2. There are other ways I might have gone about doing this besides Google, including searching local newspapers for references to a team. There are just limitations there in that not every location has its own newspaper and it excludes a lot of fan created references on sites likes bebo and blogger where the audience may be different than the ones that newspapers market to. I might also have tried a geolocation based search. I just haven’t found a good one yet that is based in Australia. And even the ones I have seen tend to focus on Twitter and Foursquare. AFL fandom is located more than just there.
3. The methodology problems are a recurring problem when doing any sort of social media or web based research with the intent to create data sets. It is why I’m generally deeply skeptical of any numbers I see unless some one clearly states their methodology, explains the problems and provides their data to give benchmarks. This methodology issue also probably explains why much of the research done in regards to social media involves case studies and qualitative style research: The data is just so problematic to attain.

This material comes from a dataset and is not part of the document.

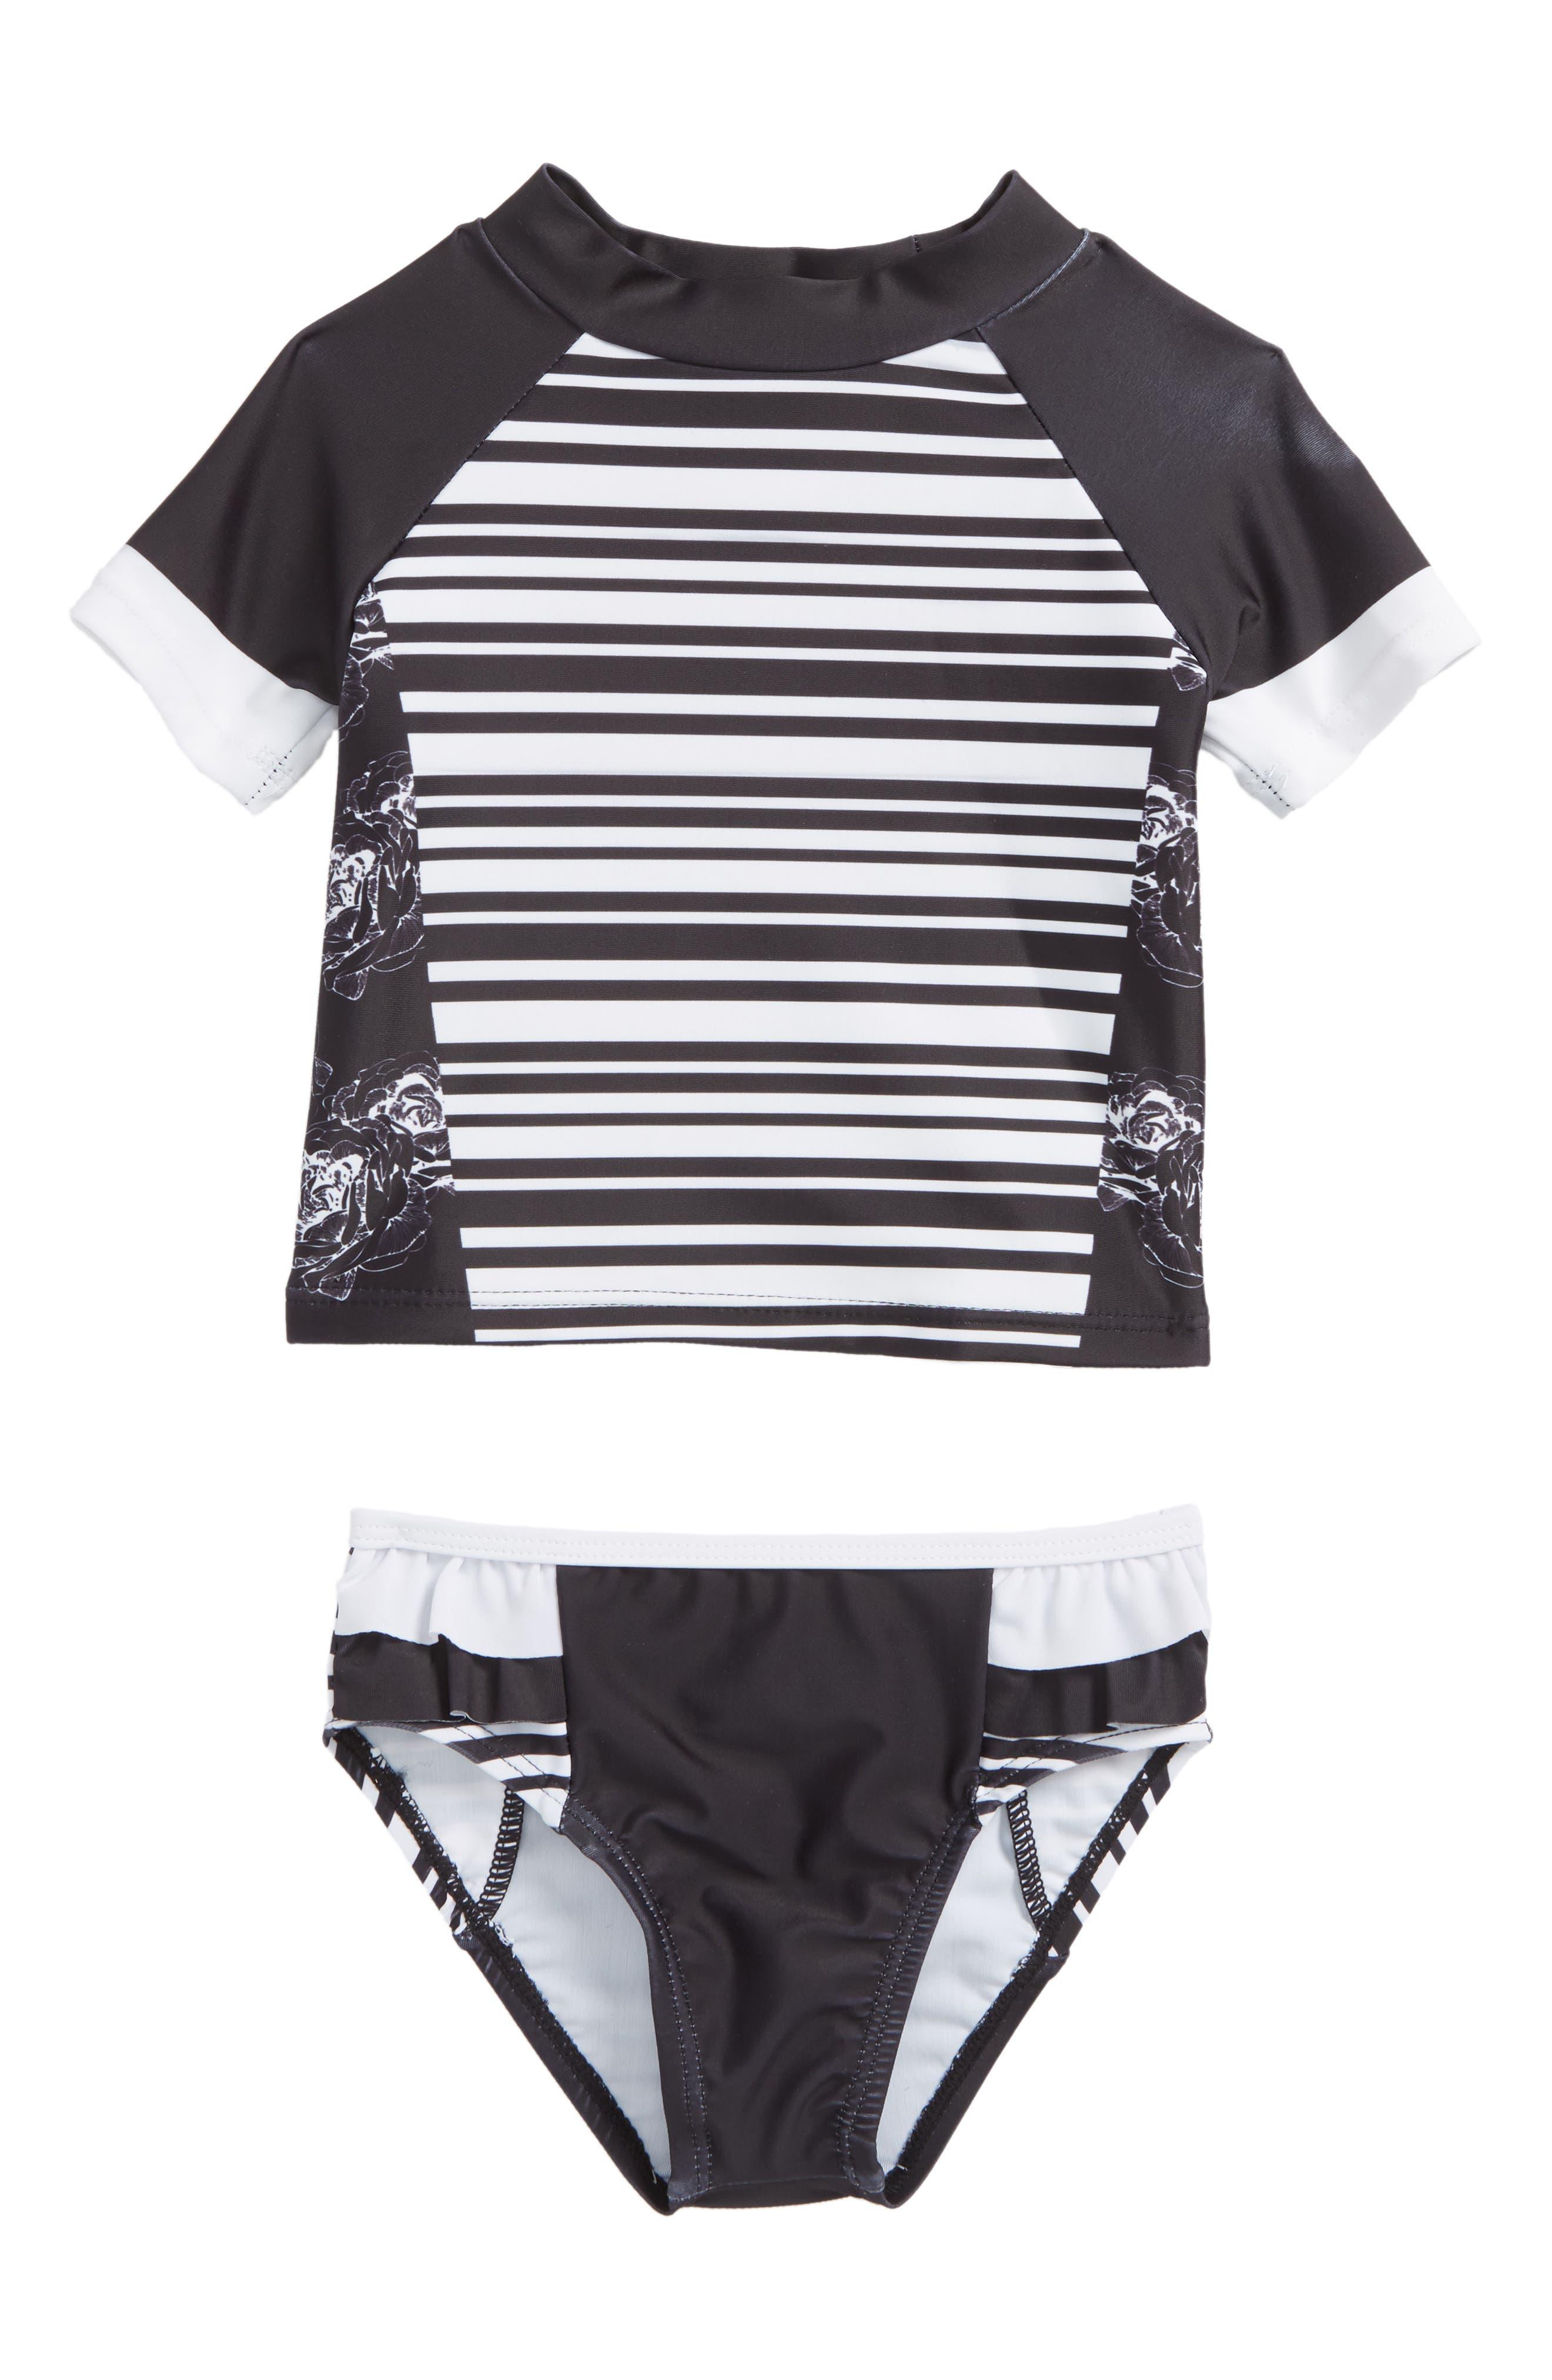 Main Image - Limeapple Two-Piece Rashguard Swimsuit (Baby Girls)

Edited to add: Visualization of this data. It isn’t perfect. There are a number of erroneous data points. (Anything outside of the Northern Territory is incorrectly placed on the map.) That said, it begins to give an idea of these patterns going on… though looking at the map, I don’t really see what I would consider overwhelming patterns. One of the islands is all Melbourne Demons. I had some data for about 15 cities for the North Melbourne Kangaroos that I overlaid to give this a bit more perspective. At some point, I should do every city in the Northern Territory, corrected as much as possible for the problems discussed above, with every team on the map.